糖尿病網膜症とは

糖尿病に罹患されている患者さまにみられる合併症のひとつが糖尿病網膜症です。
そもそも糖尿病とは、血中に含まれている脳や体のエネルギー源となるブドウ糖が何らかの原因によって細胞に取り込まれなくなることで、血液中でダブついてしまい血糖値(血中に含まれるブドウ糖の濃度)が慢性的に上昇したままの状態を言います。

この場合、膵臓で作られているホルモンの一種であるインスリンが機能不足を起こすことがきっかけとなります。
その原因としては、主に自己免疫反応による膵臓のβ細胞の破壊による分泌不足(1型糖尿病)、あるいは不摂生な生活習慣(過食、運動不足、喫煙、多量の飲酒、ストレス 等)等による膵臓の疲弊からのインスリンの分泌量の低下、量が十分でも効きが悪くなる(インスリン抵抗性)といったこと(2型糖尿病)が挙げられます。

主な症状

なお血糖値は、慢性的に高い状態が続いても、自覚症状は出にくいです。そのため放置しやすく、病状を進行させやすくなります。
ある程度まで進行すると、喉が異常に渇く、多尿・頻尿、全身の倦怠感、食欲はあるが体重が減少する、などの症状がみられます。
それでも放置をしていくと、やがて血管障害を引き起こします。

なかでも細小血管はダメージを受けやすく、これらが集中している網膜は合併症を発症しやすいです。これを糖尿病網膜症と言います。
ちなみに同疾患は、糖尿病腎症、糖尿病神経障害と共に糖尿病三大合併症と呼ばれています。

治療をしなければ失明の可能性も

糖尿病を発症しても直ちに糖尿病網膜症を併発することはなく、合併症発症に至るまでには数年~10年はかかるとされています。
ただ糖尿病を発症した日が明確に判明することはありません。
そのため、糖尿病と診断されたら何の眼症状がなくても、定期的に眼科を受診するようにしてください。

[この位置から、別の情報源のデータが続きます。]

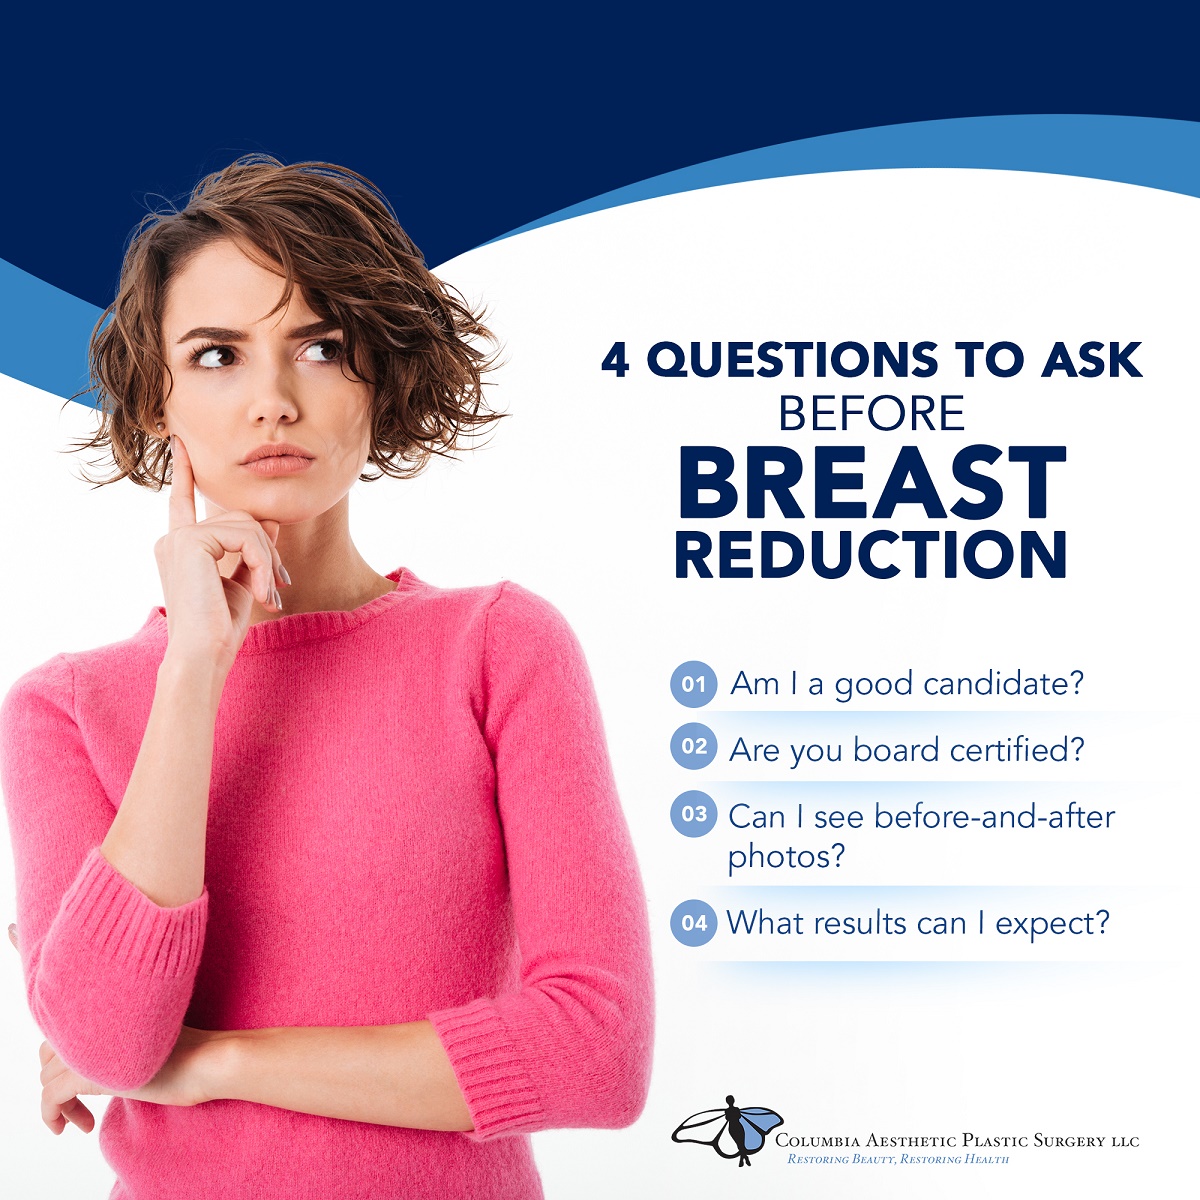 4 Questions To Ask Before Breast Reduction [Infographic] img 1

なお糖尿病網膜症も初期から自覚症状はみられません(網膜の中心である黄斑部に病変(主に浮腫)があれば、初期でも視力低下や物がゆがんで見える等の症状がみられます。これを糖尿病黄斑浮腫と言います)。

ただ進行期になると、脆くて破れやすい新生血管が網膜に発生し、同血管が破れるなどすると硝子体に出血がみられるようになります。
このような状態になると、飛蚊症、霧がかかった見え方をする、急激な視力低下などの症状がみられます。
それでも放置を続ければ、失明することもあるので注意が必要です。

検査について

診断をつけるための検査としては、網膜の状態や血管の様子を確認する眼底検査をはじめ、血流の途絶えている部分や新生血管の有無を調べる蛍光眼底造影のほか、黄斑部の浮腫の有無などを調べる光干渉断層計(OCT)などの検査を行います。

治療について

病状の進行の程度によって内容は異なります。
発症初期の患者さま(単純網膜症)では、糖尿病患者さまが行っている血糖コントロールの治療(食事療法、運動療法、経口血糖降下薬 等)によって進行を抑制することができます。

ある程度は病状が進んだ状態(増殖前網膜症)でも症状が現れないことは少なくないです。この場合も血糖コントロールの治療が中心となりますが、血流の途絶えた部分がある、新生血管がすでにある場合は、レーザーによって血管を焼き固める、あるいは焼き潰すレーザー光凝固術が行われます。
糖尿病黄斑浮腫に対しては硝子体注射を行います。詳しくはこちら。

また進行期(増殖網膜症)にある場合も血糖コントロールの治療は継続し、新生血管などに対するレーザー光凝固術も行われます。
さらに新生血管が破れて硝子体に出血がみられ濁った状態になっている、牽引性網膜剥離がある場合は、硝子体手術が選択されます。